**TASK DETAILS**
The full listing, written out exactly and without images, is the expected result.

**EXERCISE DATA**
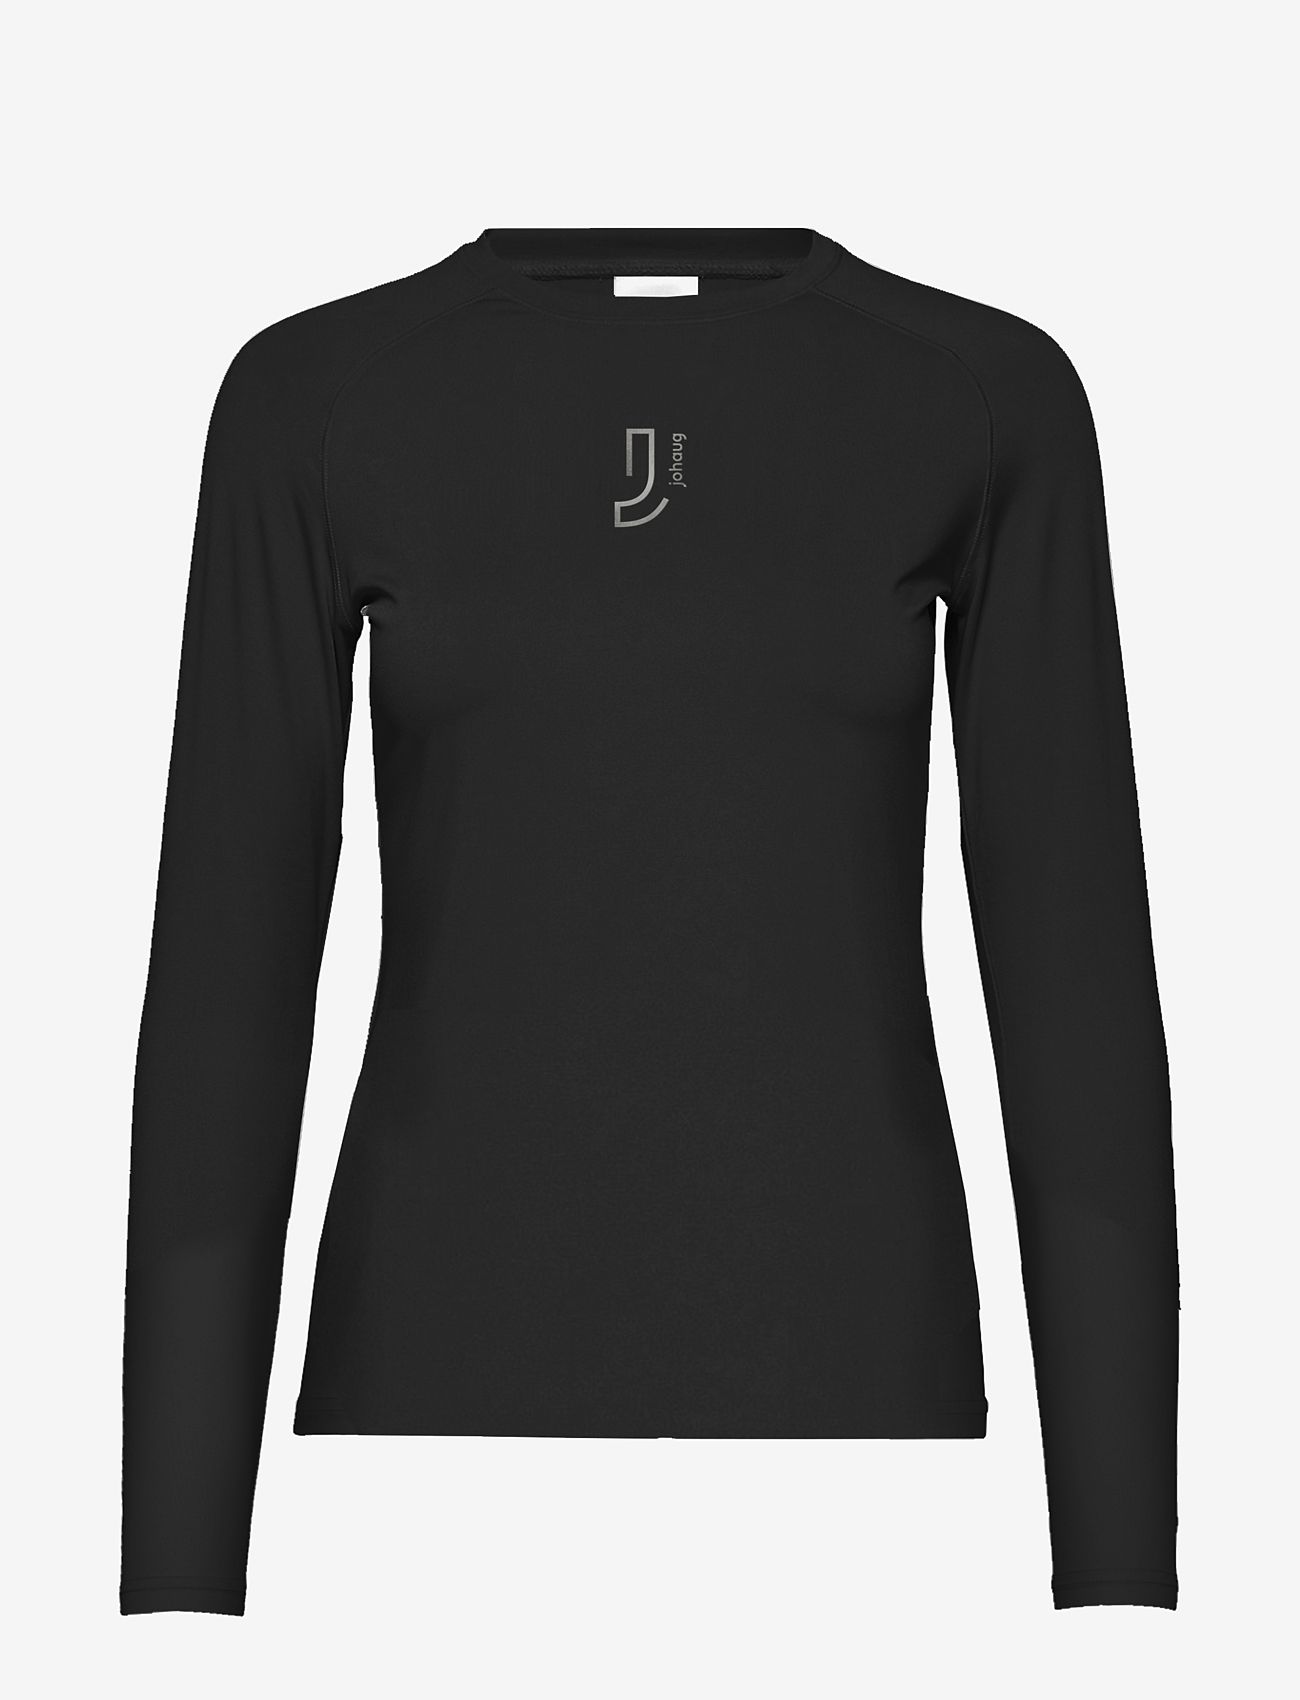 Johaug - Elemental Long Sleeve 2.0 - långärmade tröjor - black - 0
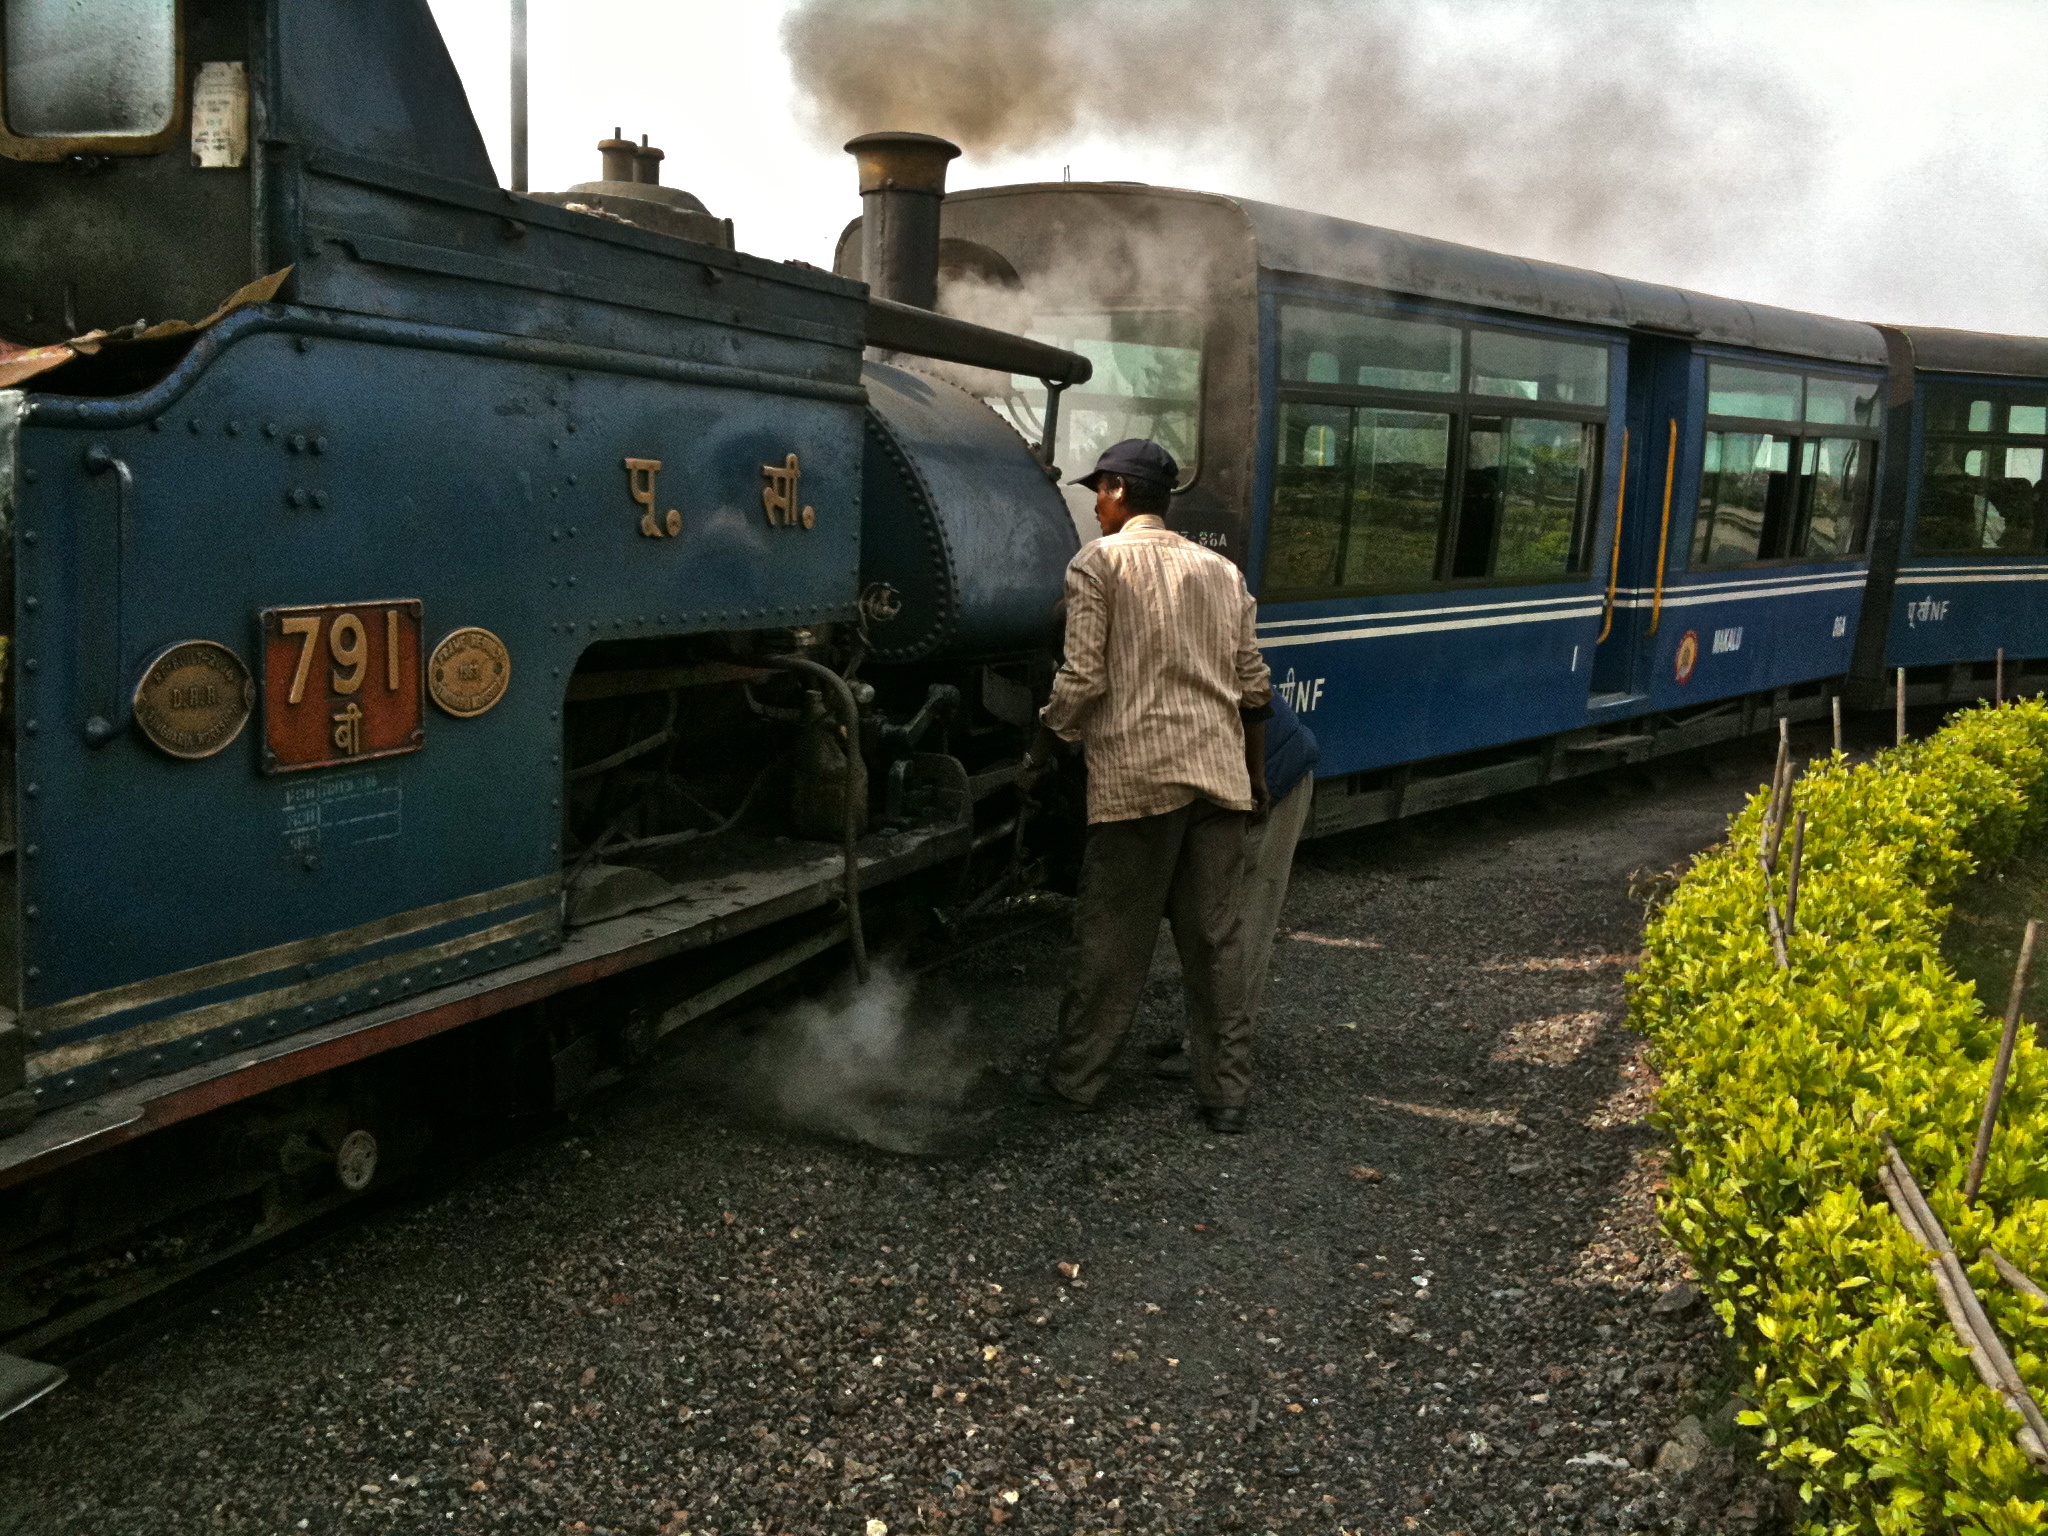 "Darjeeling Express" aka Toy Train
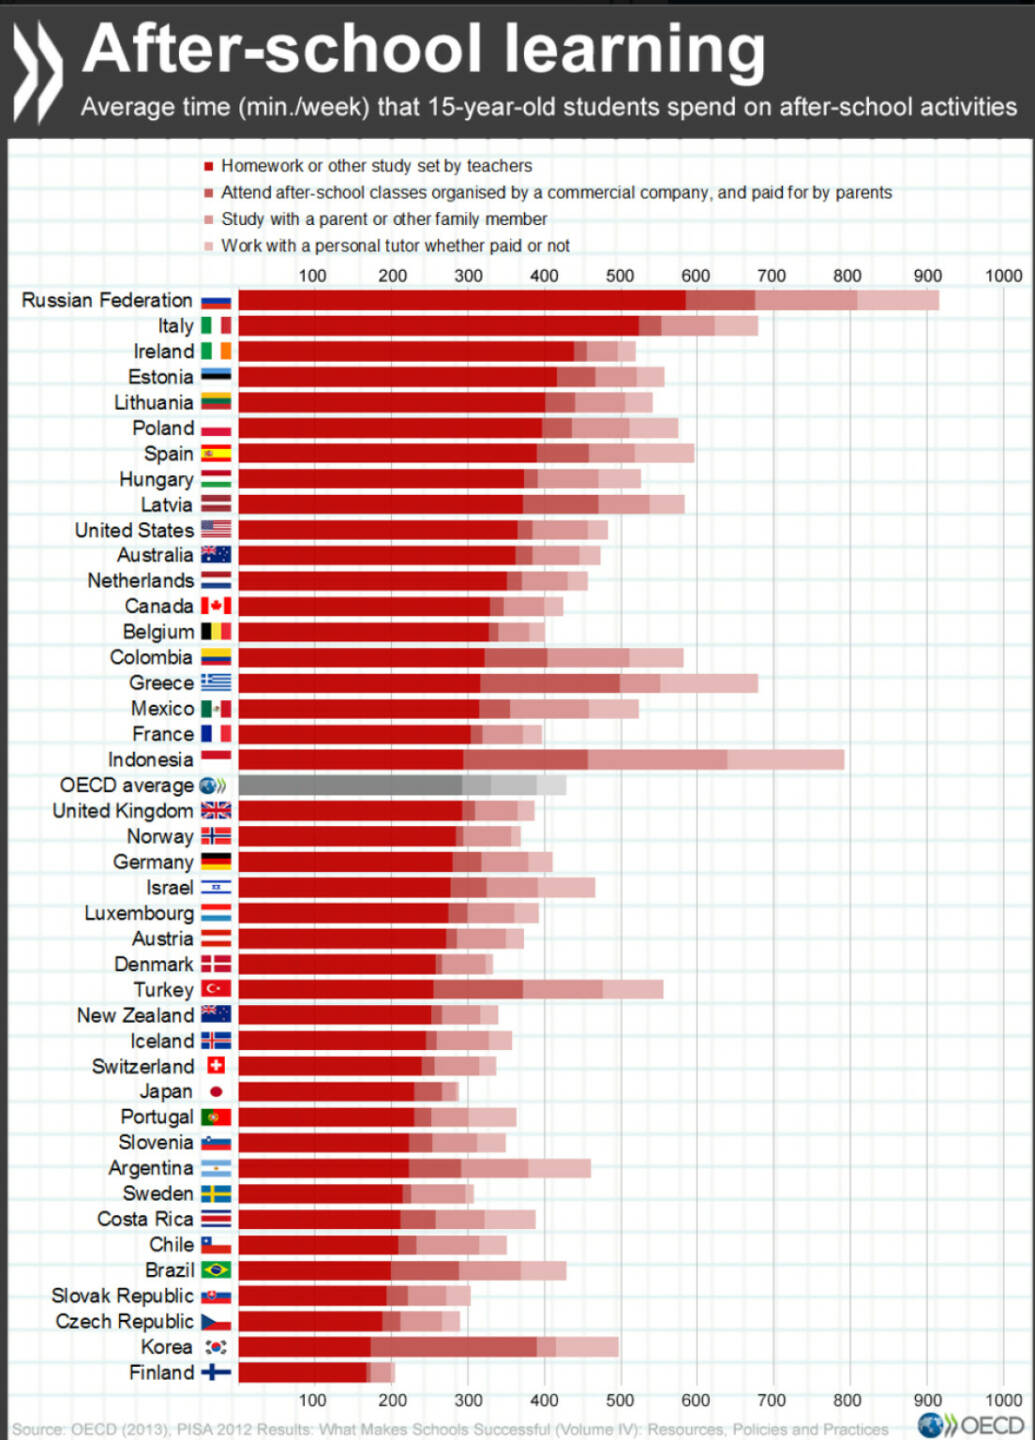 In welchen Ländern wenden 15-Jährige die meiste Zeit für Hausaufgaben auf? http://bit.ly/1PQzlNx
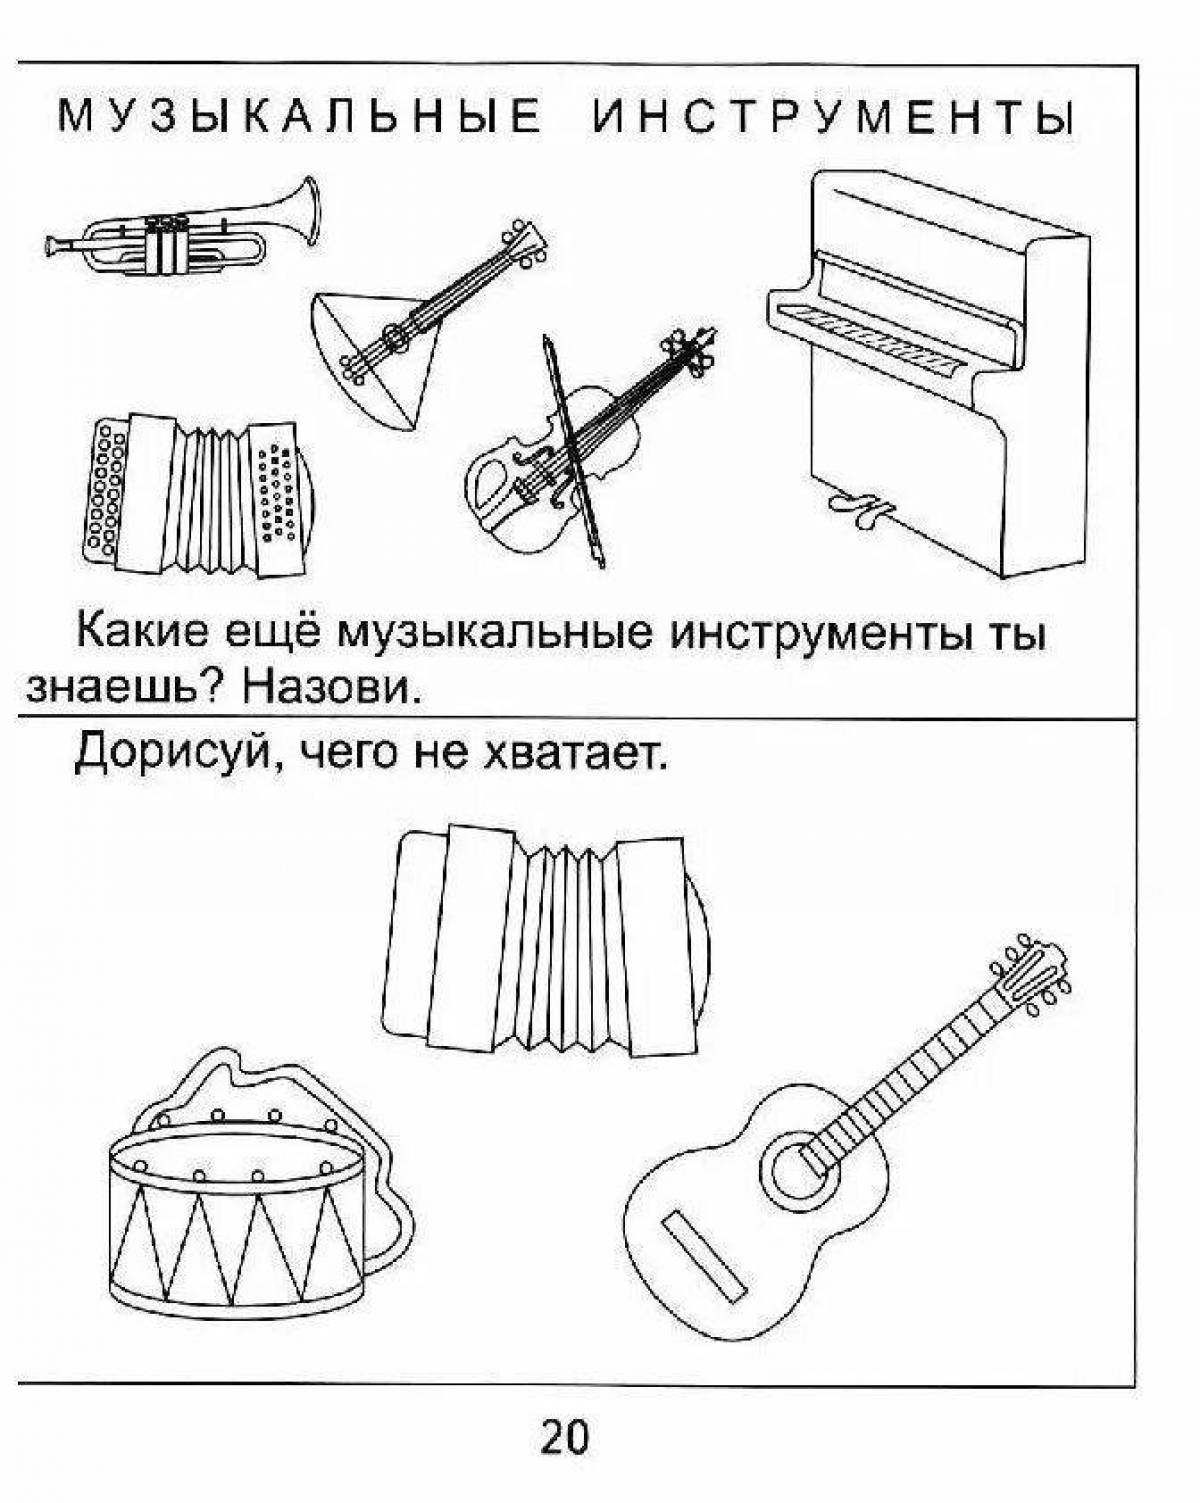 Музыкальные инструменты задачи. Музыкальные инструменты задания для детей. Задания по инструментам для дошкольников. Музыкальные инструменты задания для дошкольников. Музыкальные инструменты рисунки.

**TASK RESPONSE**
 Johaug - Elemental Long Sleeve 2.0 - långärmade tröjor - black - 0
 "Darjeeling Express" aka Toy Train
 In welchen Ländern wenden 15-Jährige die meiste Zeit für Hausaufgaben auf? http://bit.ly/1PQzlNx
 Музыкальные инструменты задачи. Музыкальные инструменты задания для детей. Задания по инструментам для дошкольников. Музыкальные инструменты задания для дошкольников. Музыкальные инструменты рисунки.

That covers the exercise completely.